[WHAT YOU HAVE TO DO]
Restate, exactly as written, the entries below from the line that holds "Wollemi Pine, Wollemia" through the line that holds "Чотири роки тому". Pictures are not part of the copy.

[DATASET ENTRIES]
---*---

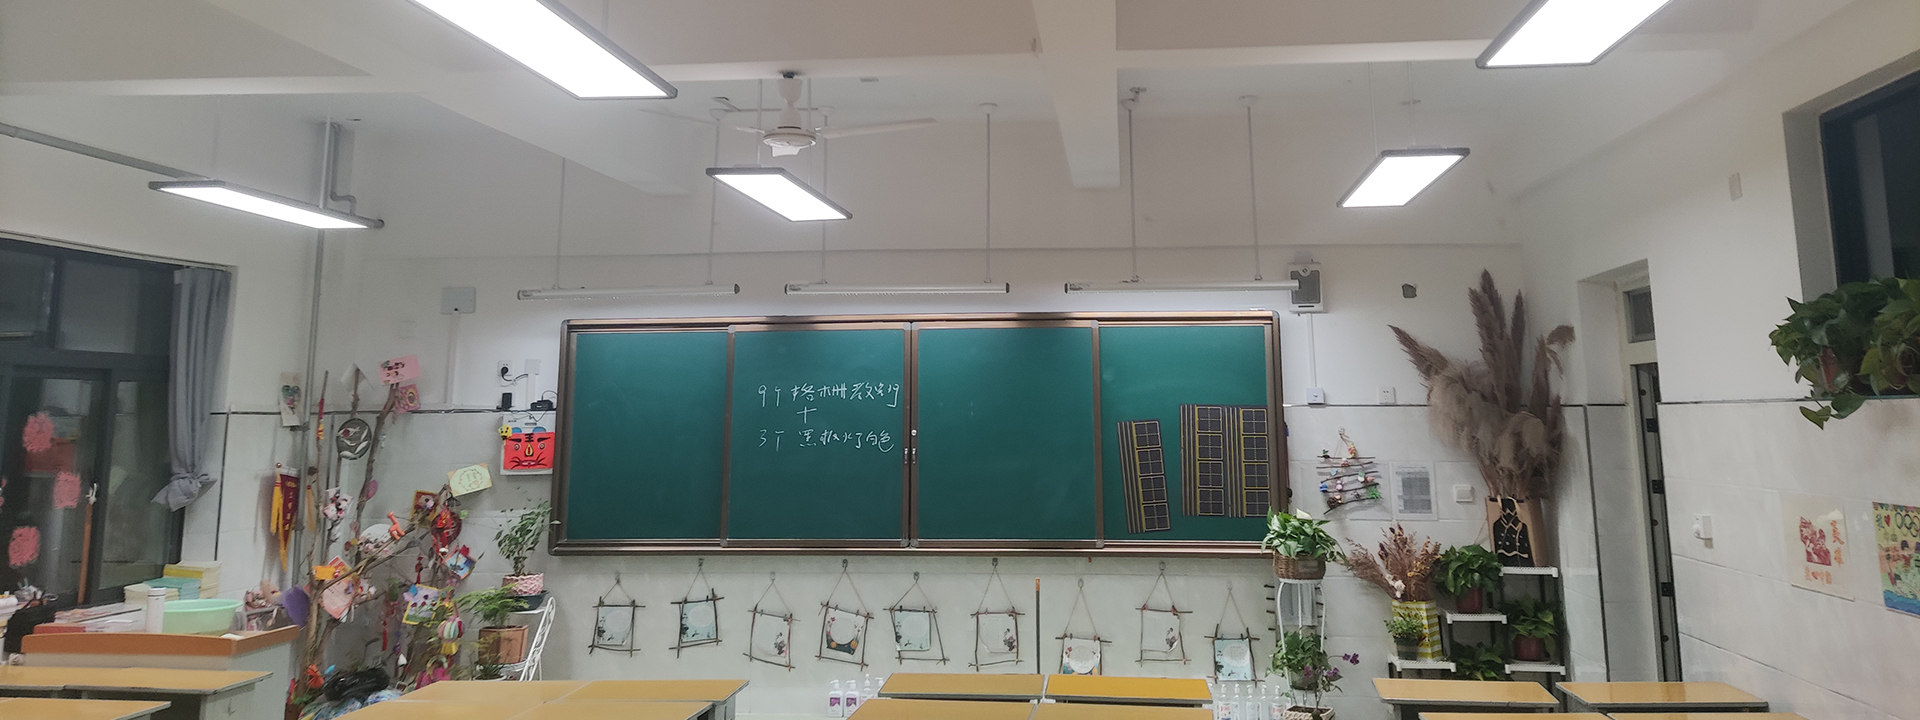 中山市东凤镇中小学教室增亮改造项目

---*---

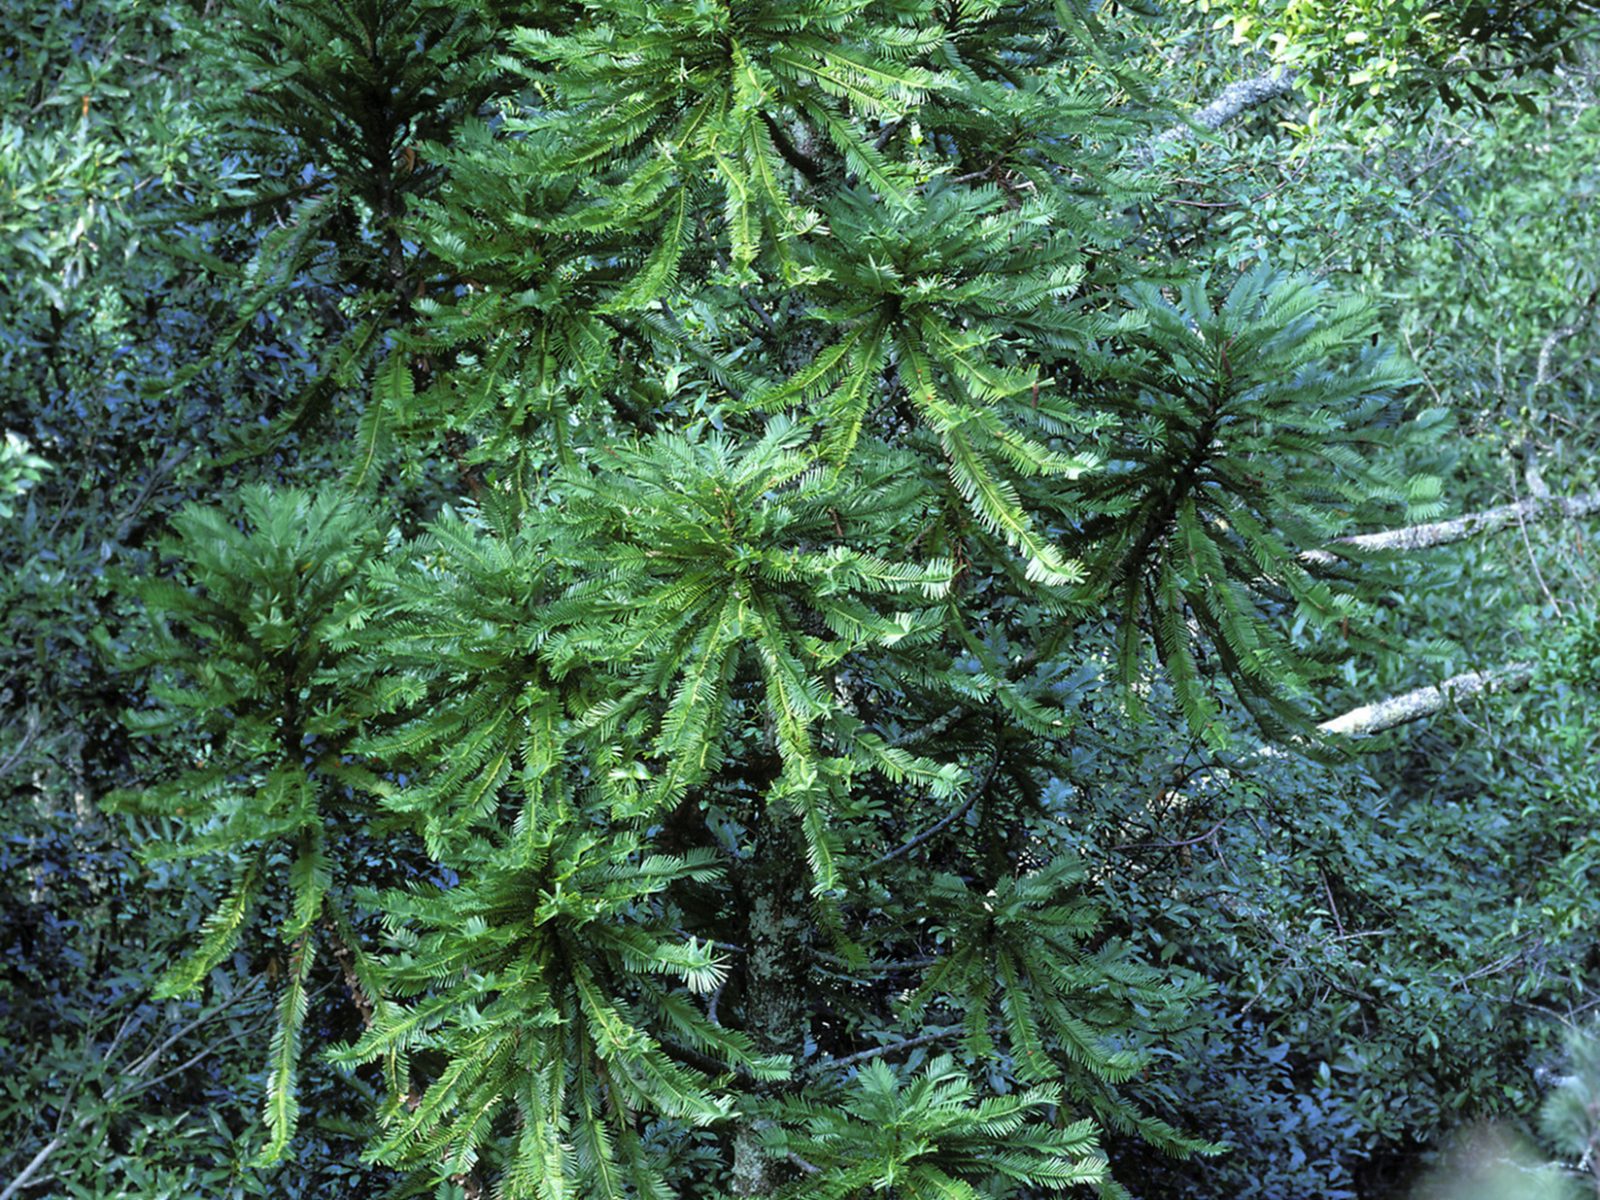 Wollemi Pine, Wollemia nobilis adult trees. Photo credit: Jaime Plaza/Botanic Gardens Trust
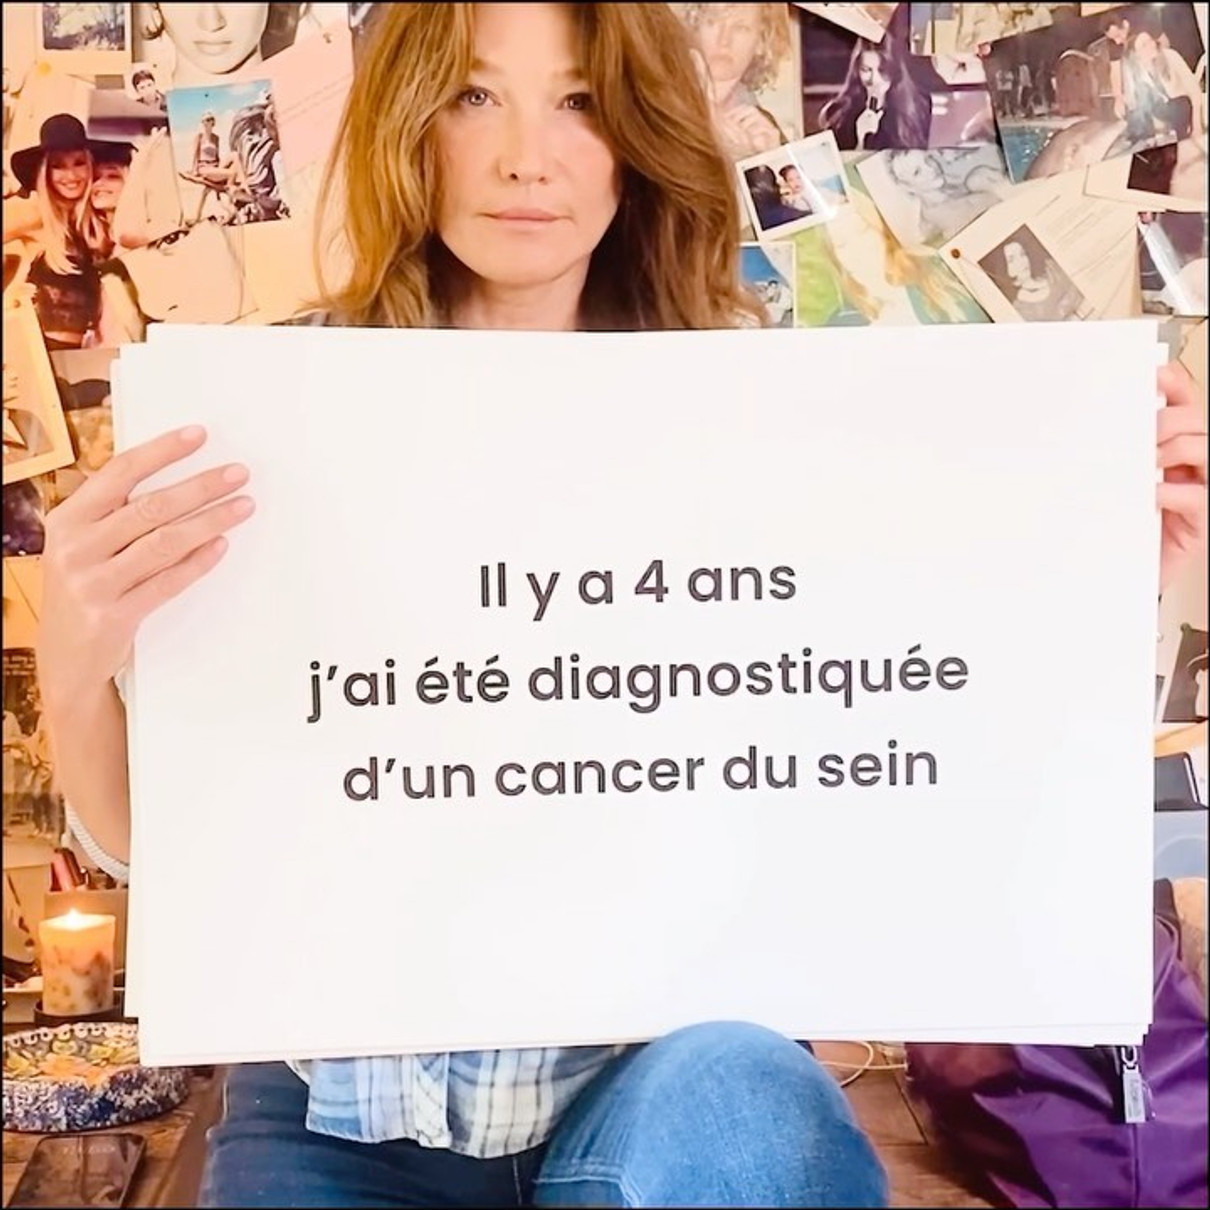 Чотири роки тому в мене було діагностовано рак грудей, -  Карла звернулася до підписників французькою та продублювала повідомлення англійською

---*---

[RESPONSE BELOW]
 Wollemi Pine, Wollemia nobilis adult trees. Photo credit: Jaime Plaza/Botanic Gardens Trust
 Чотири роки тому в мене було діагностовано рак грудей, -  Карла звернулася до підписників французькою та продублювала повідомлення англійською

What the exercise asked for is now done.